#### DESCRIPTION OF THE TASK
Beginning with the line that contains "Down Redcords Hooded" and ending with the line that contains "Wounded Soldier and", reproduce the lines of the entries below exactly, omitting pictures.

#### LISTED ENTRIES
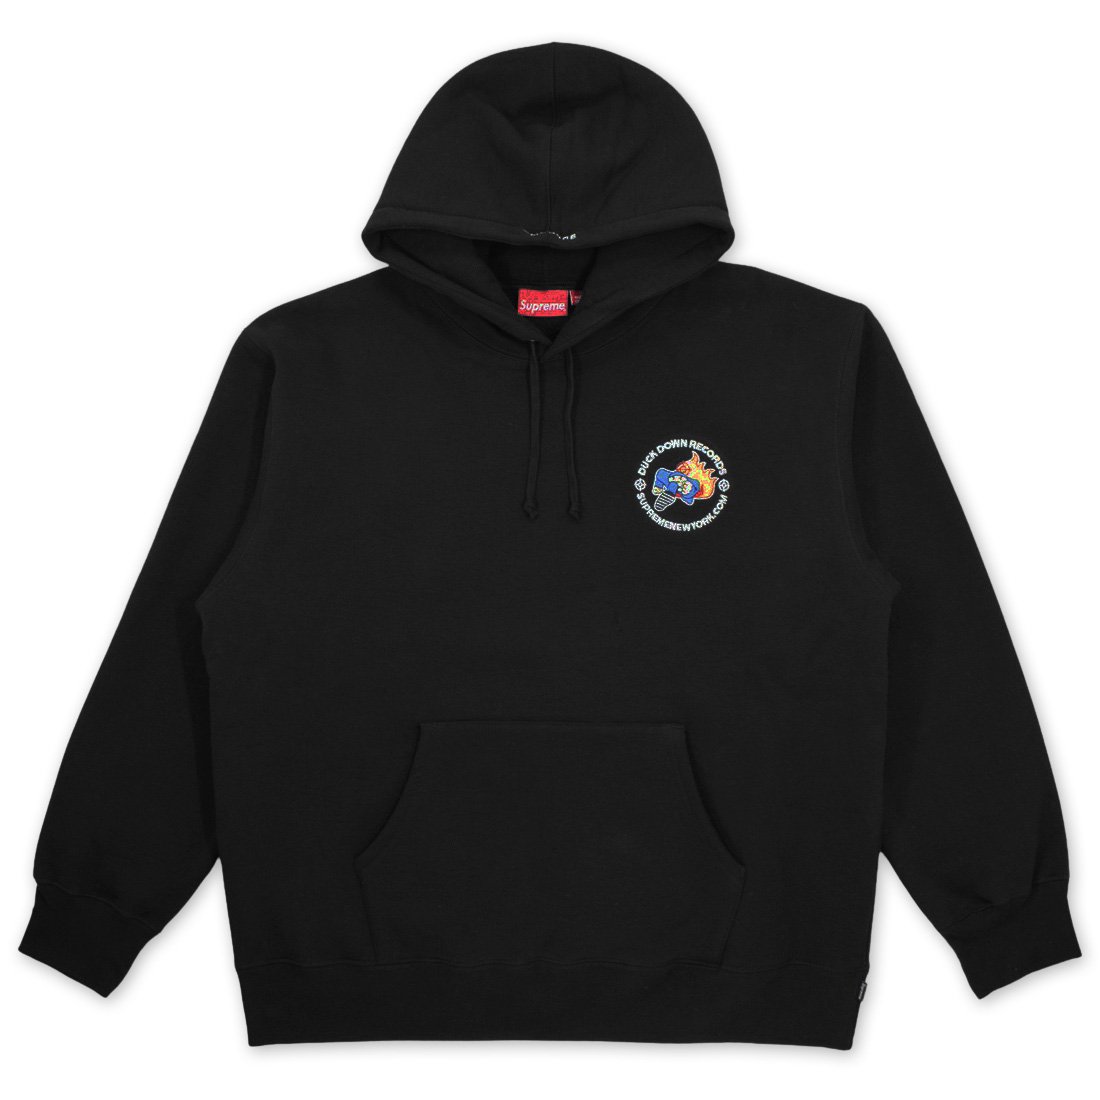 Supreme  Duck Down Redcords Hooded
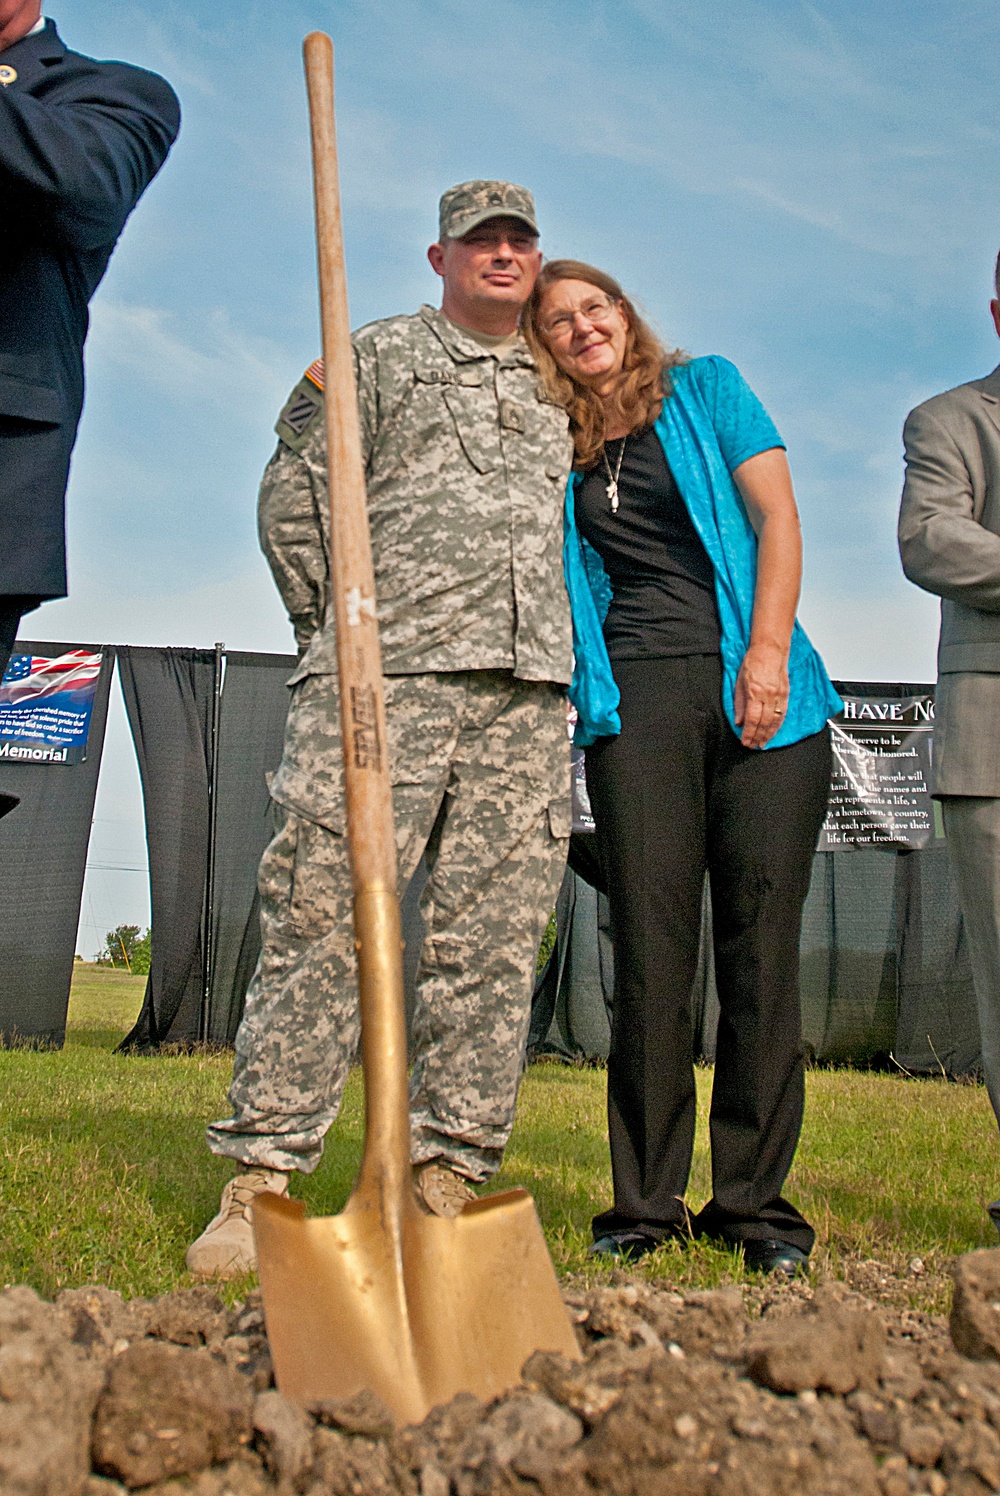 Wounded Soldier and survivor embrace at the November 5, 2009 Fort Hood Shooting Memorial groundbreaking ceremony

==

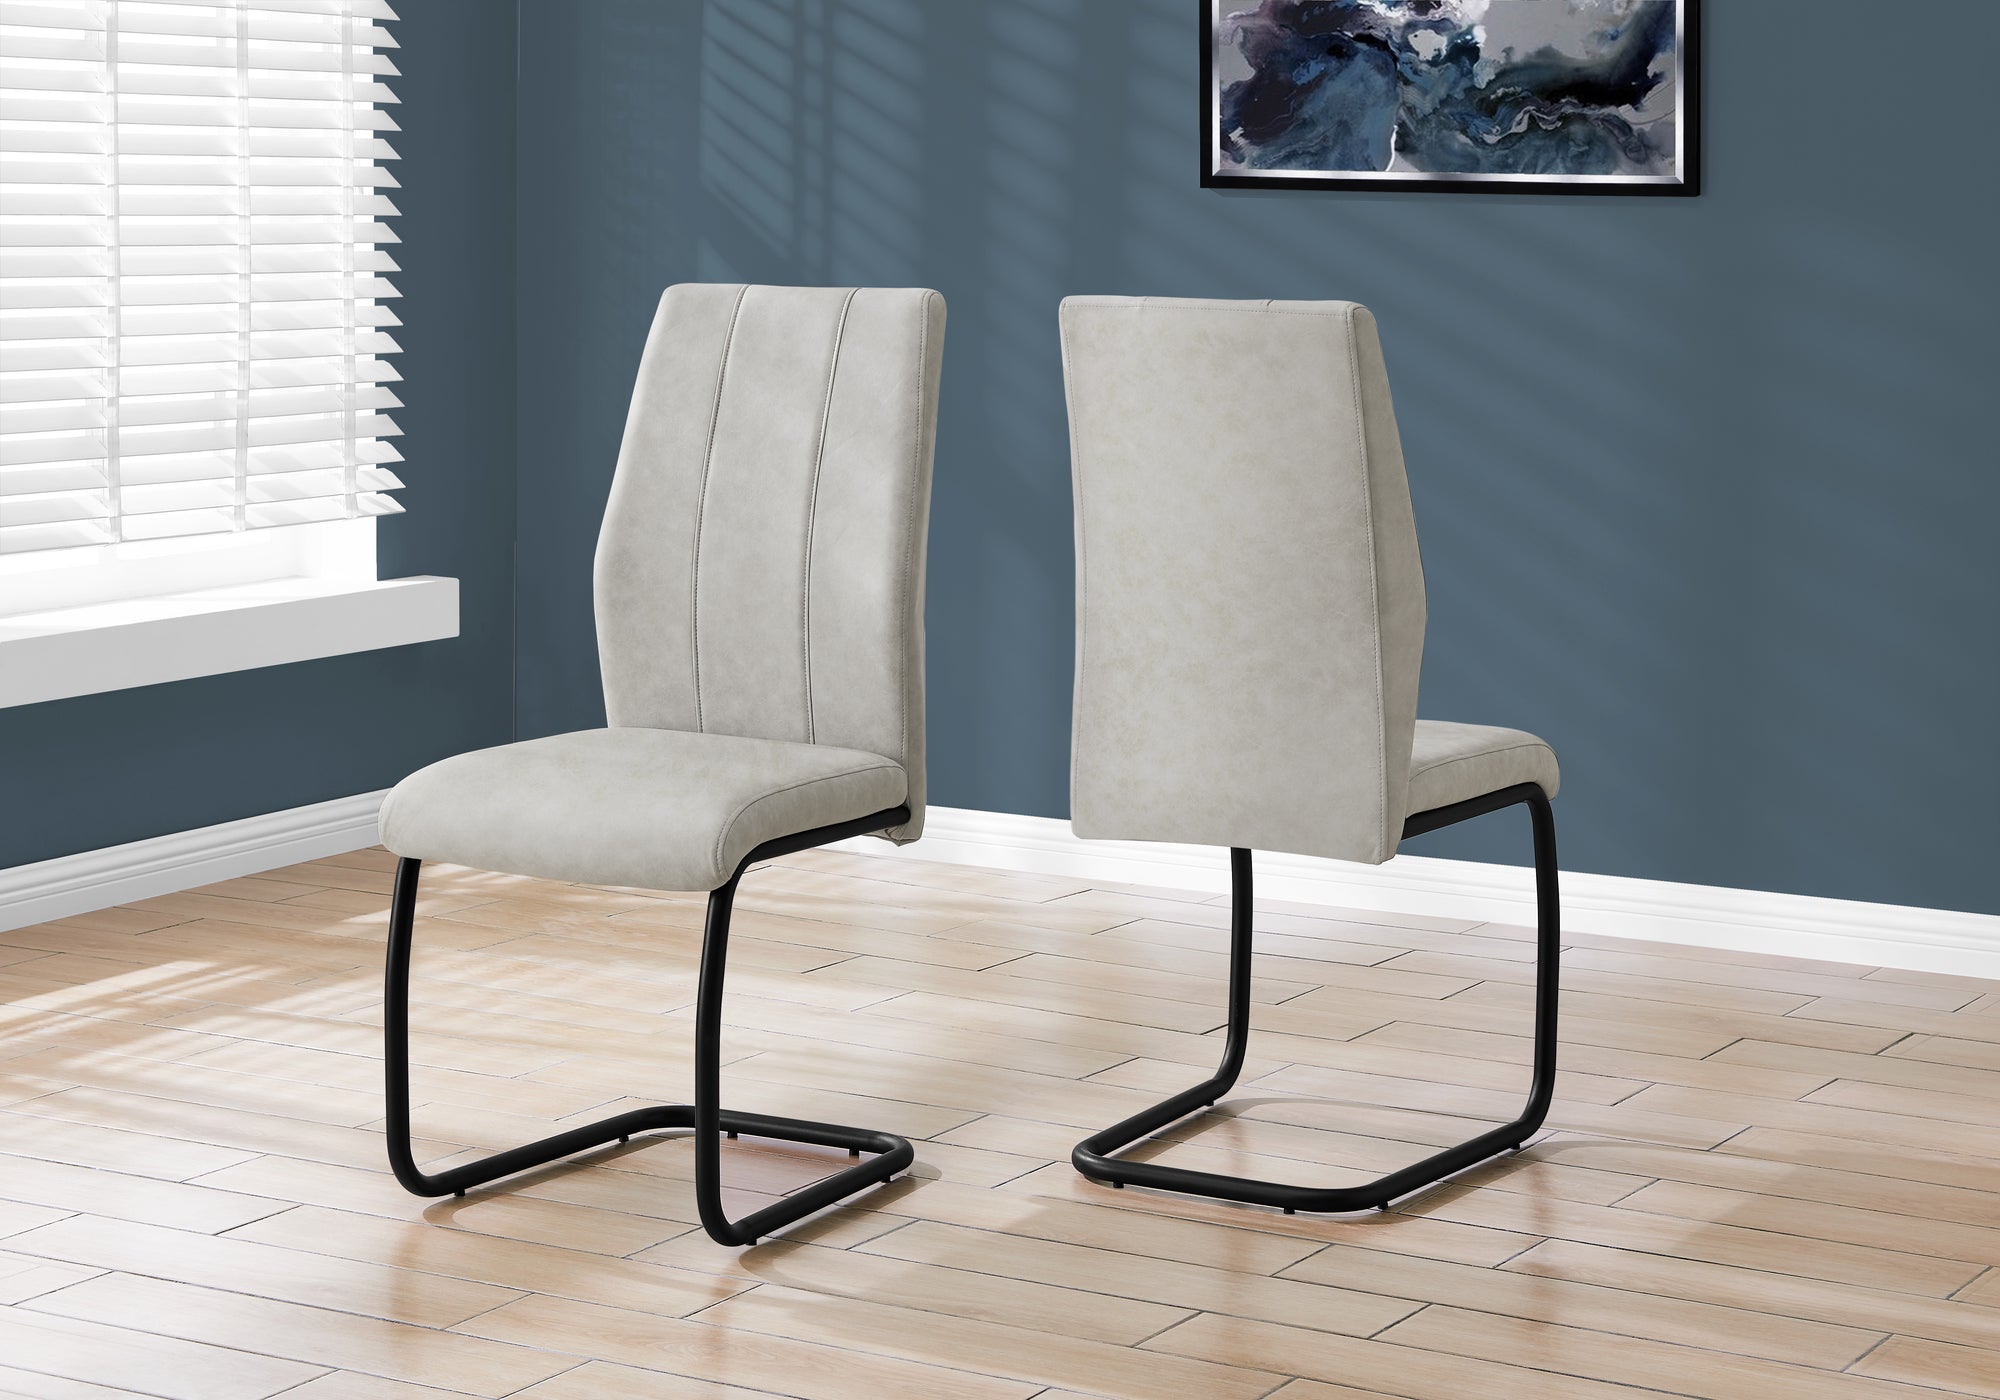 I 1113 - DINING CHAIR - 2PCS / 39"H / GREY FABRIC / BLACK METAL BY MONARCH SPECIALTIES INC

...

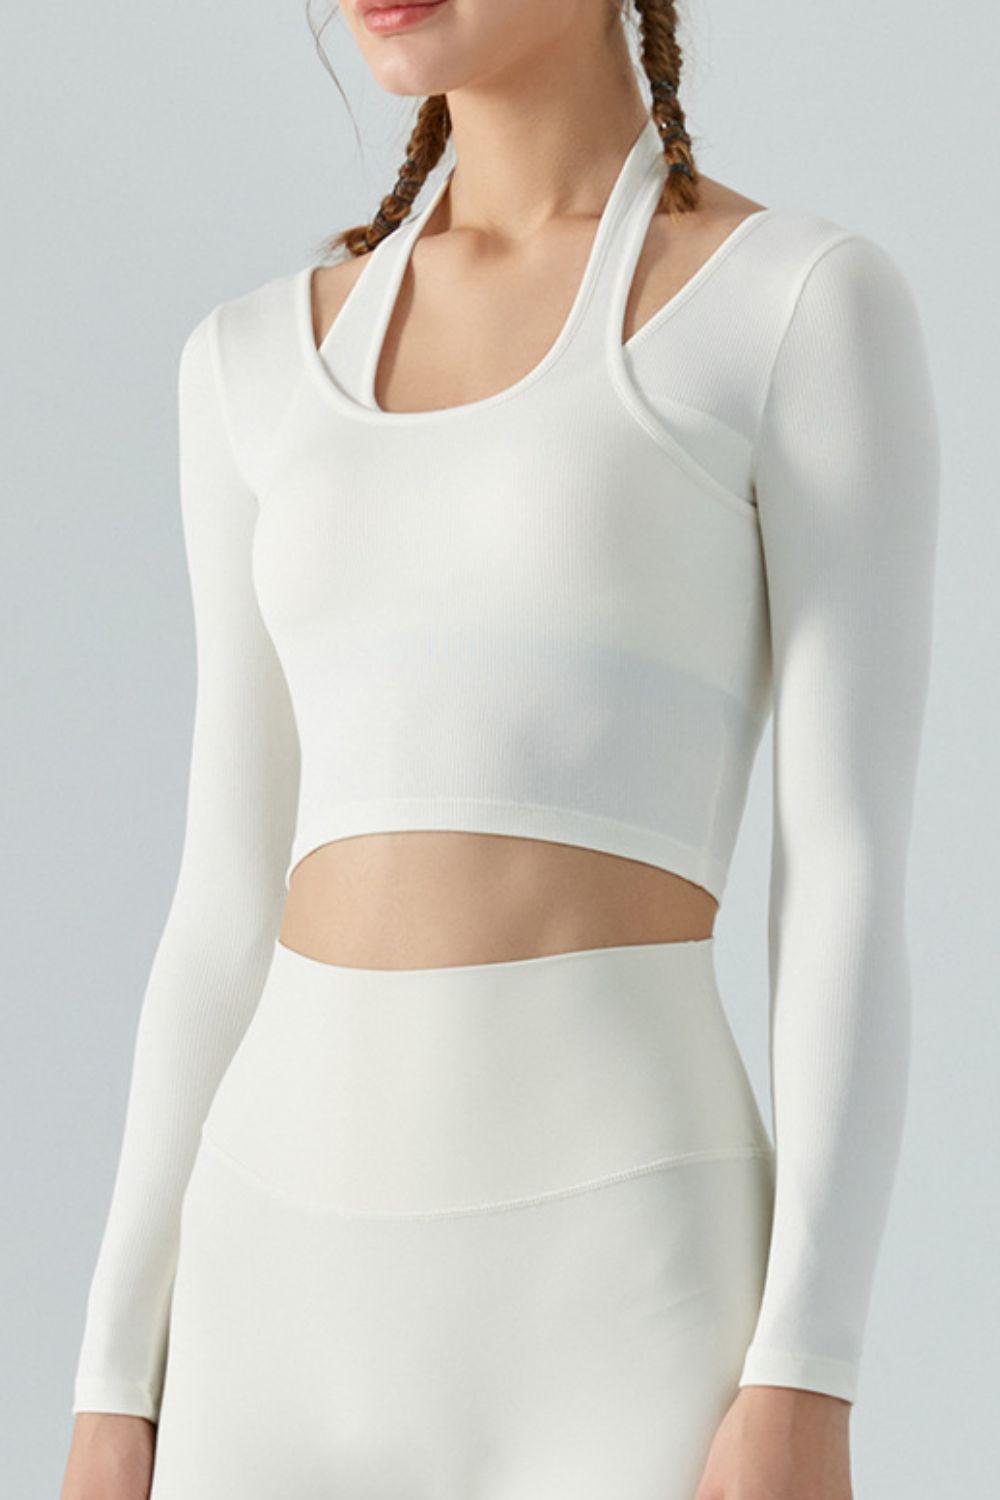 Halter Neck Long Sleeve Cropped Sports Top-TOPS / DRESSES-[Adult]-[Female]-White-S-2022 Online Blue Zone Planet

#### ANSWER TO THE EXERCISE
 Supreme  Duck Down Redcords Hooded
 Wounded Soldier and survivor embrace at the November 5, 2009 Fort Hood Shooting Memorial groundbreaking ceremony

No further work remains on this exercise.